* Directions for this task *
Repeat everything in the listing exactly, except for the images.

* Recorded information *
+ + + + +

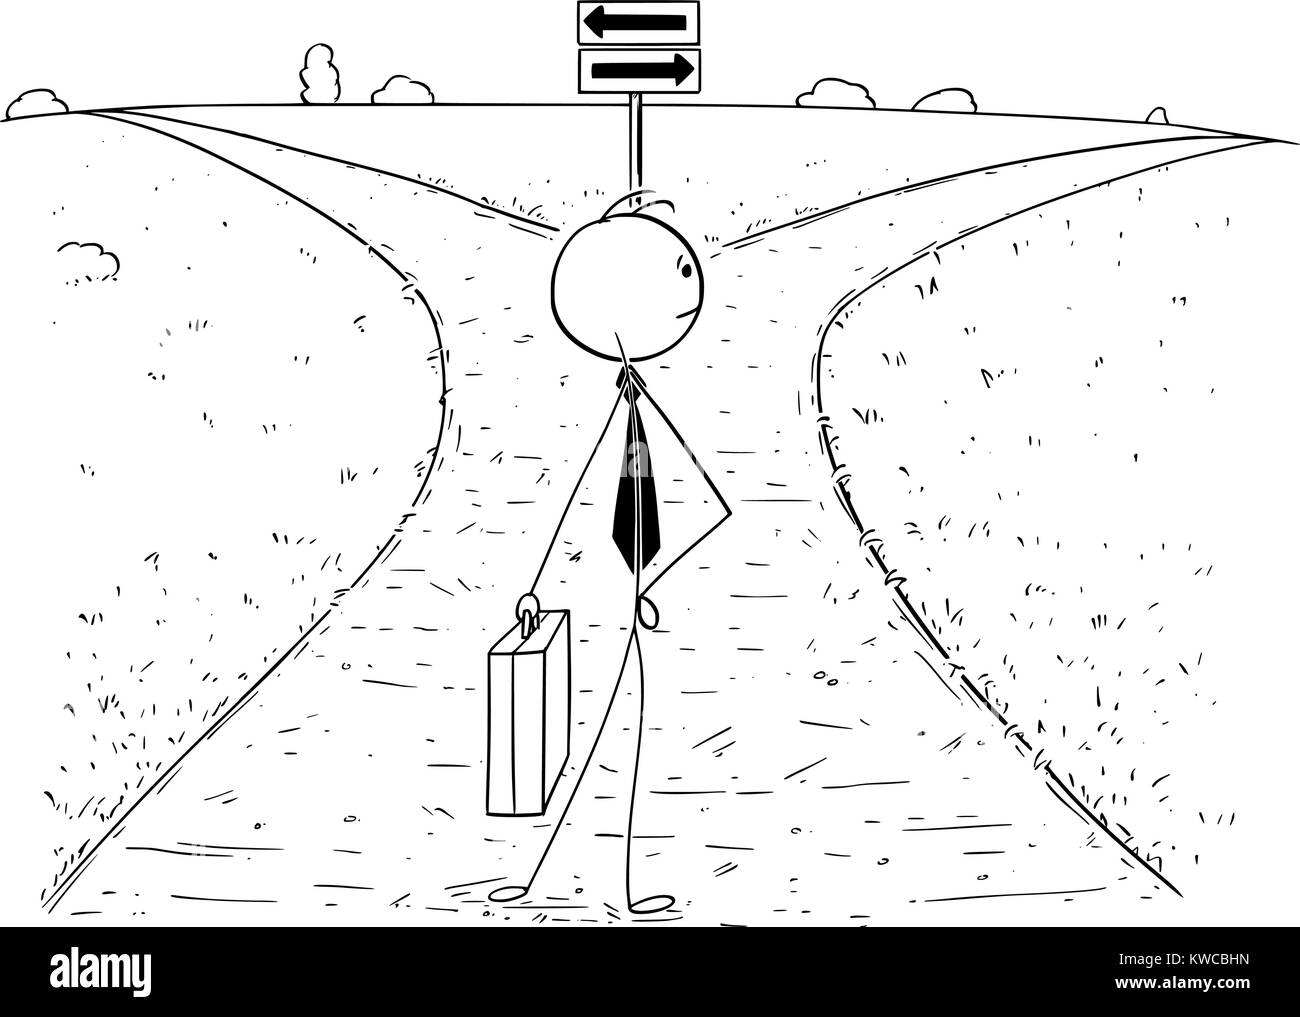 Cartoon stick man drawing illustration of businessman standing on the crossroad and making choice or decision. Concept of business career opportunitie Stock Vector
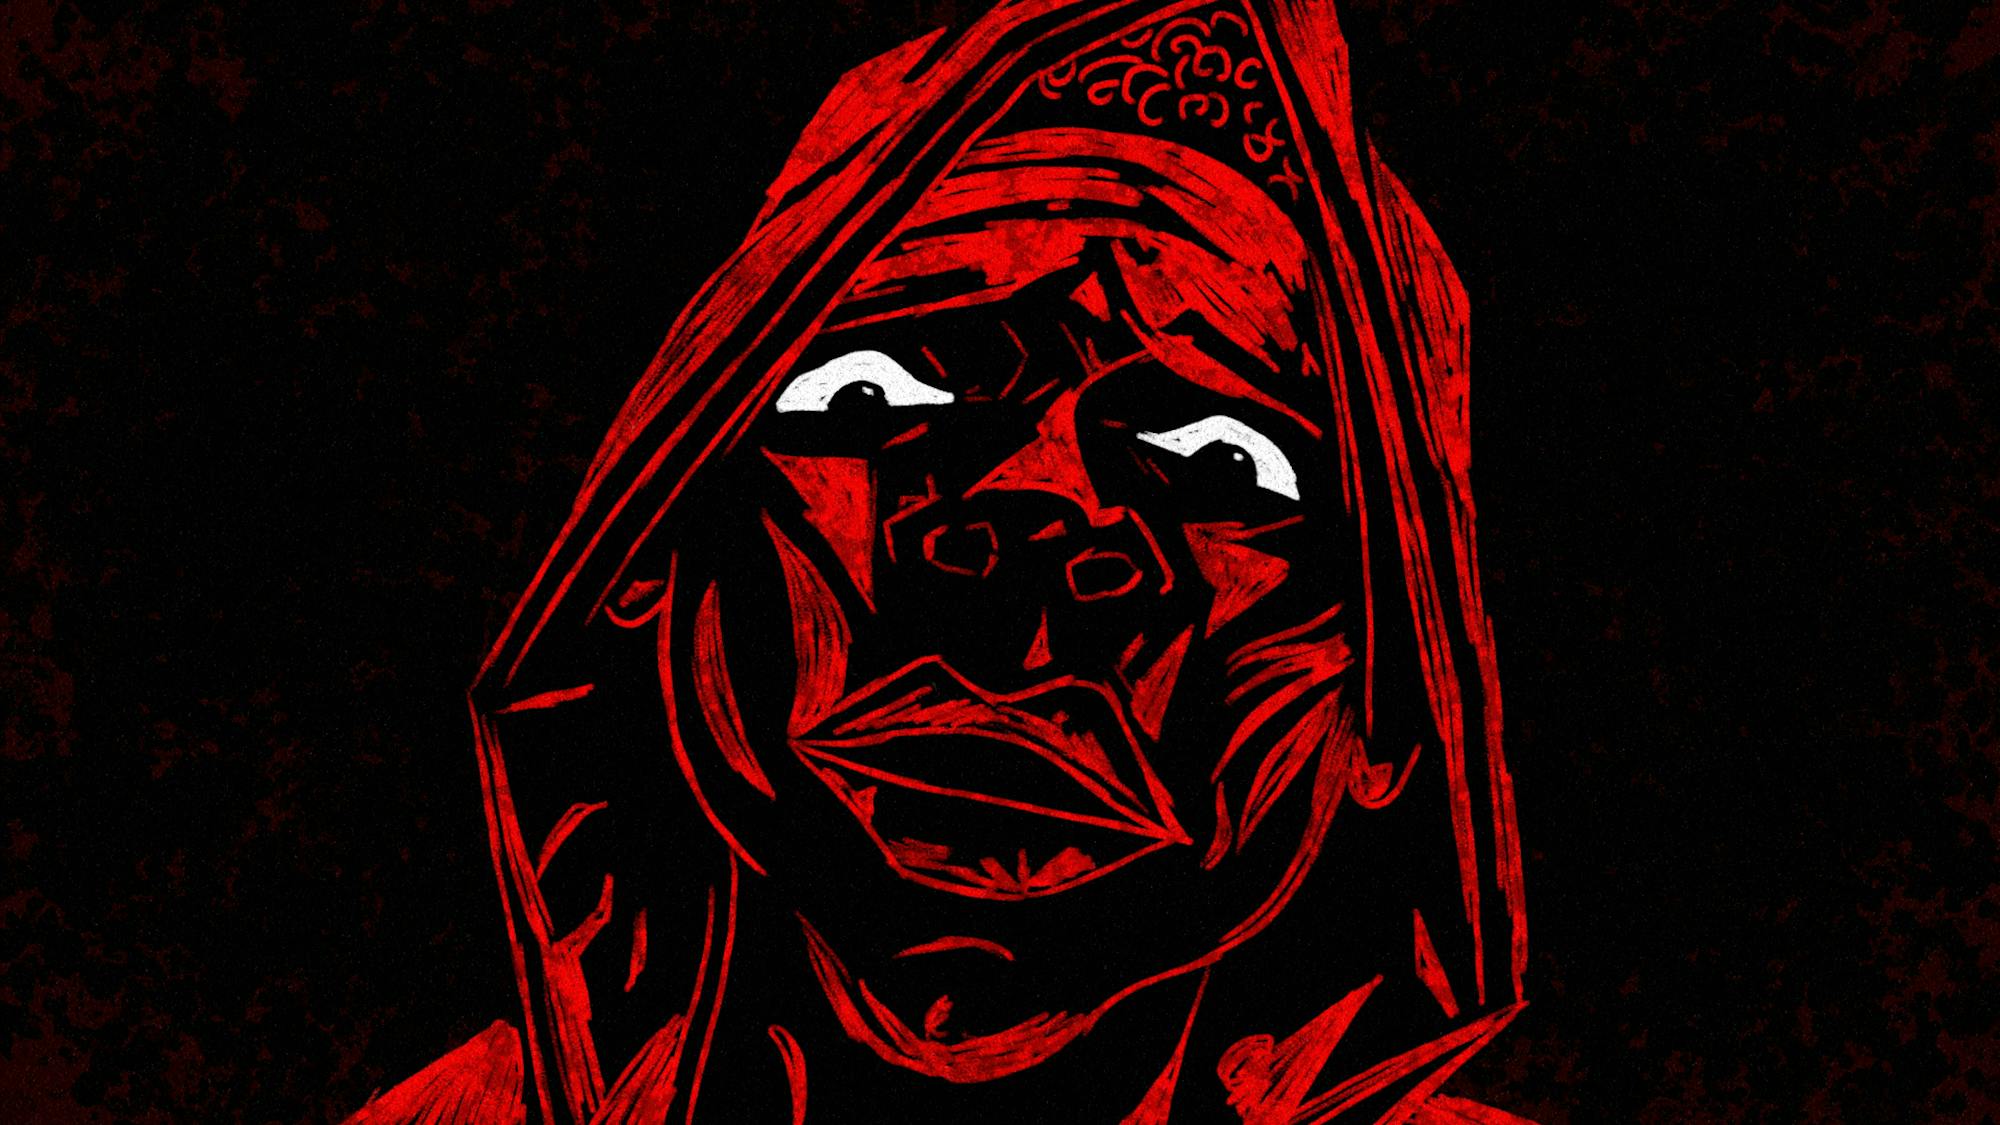 An illustration by Molecule VFX shows a face against a black background, details etched in a bright red. The eyes of the individual are particularly piercing, with black irises set against bright whites. In the film, the red light cast on this figure comes from the car of an assailant. The narration over the animation goes: “Now Black lives gettin’ robbed by wannabe cops.”
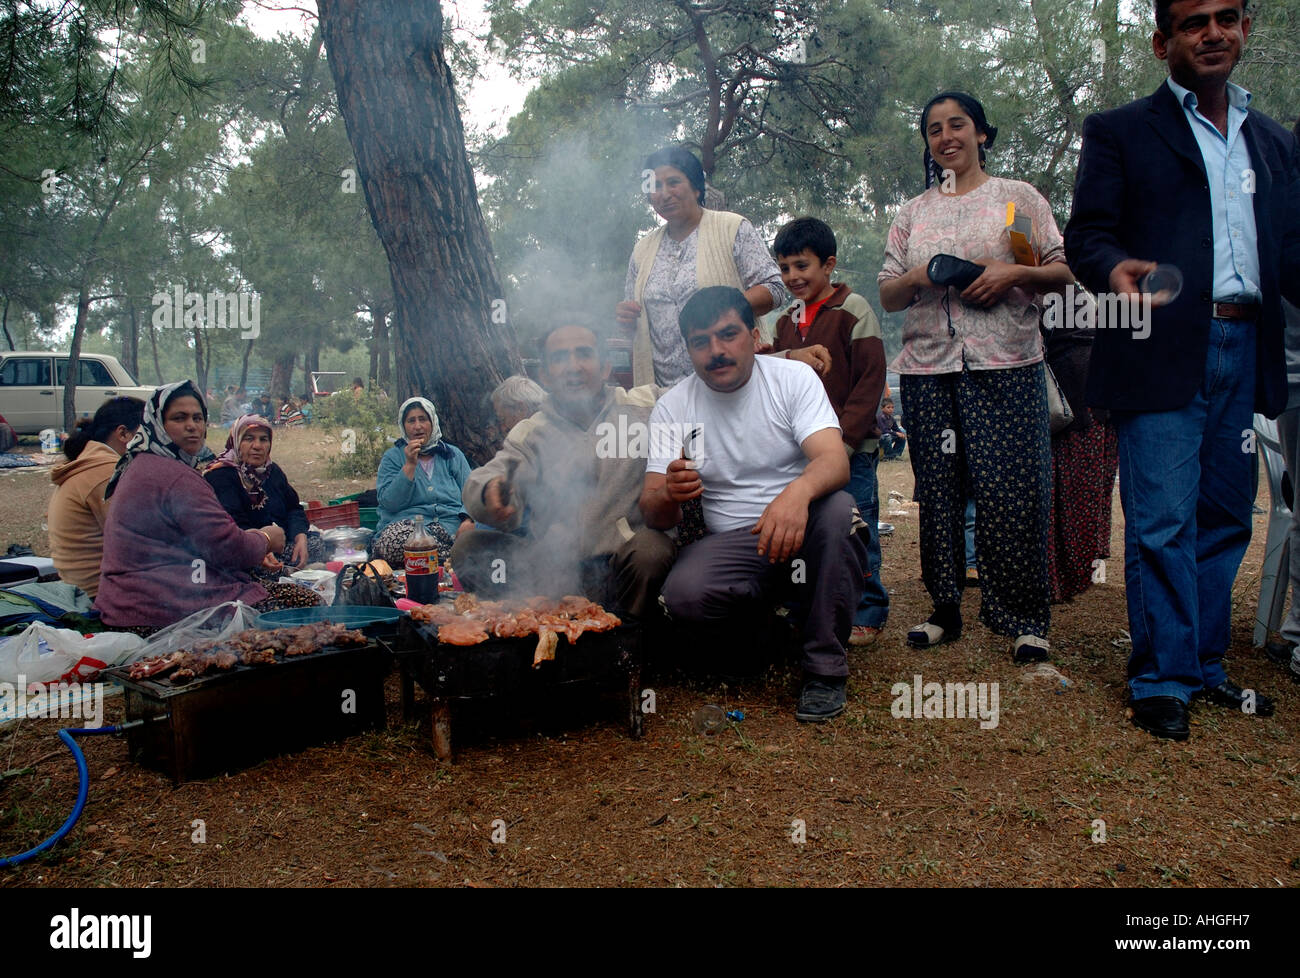 Mother's Day and national picnic day celebration in the forest near Ksantos Southern Turkey. Stock Photo

+ + + + +

* Output below *
 Cartoon stick man drawing illustration of businessman standing on the crossroad and making choice or decision. Concept of business career opportunitie Stock Vector
 An illustration by Molecule VFX shows a face against a black background, details etched in a bright red. The eyes of the individual are particularly piercing, with black irises set against bright whites. In the film, the red light cast on this figure comes from the car of an assailant. The narration over the animation goes: “Now Black lives gettin’ robbed by wannabe cops.”
 Mother's Day and national picnic day celebration in the forest near Ksantos Southern Turkey. Stock Photo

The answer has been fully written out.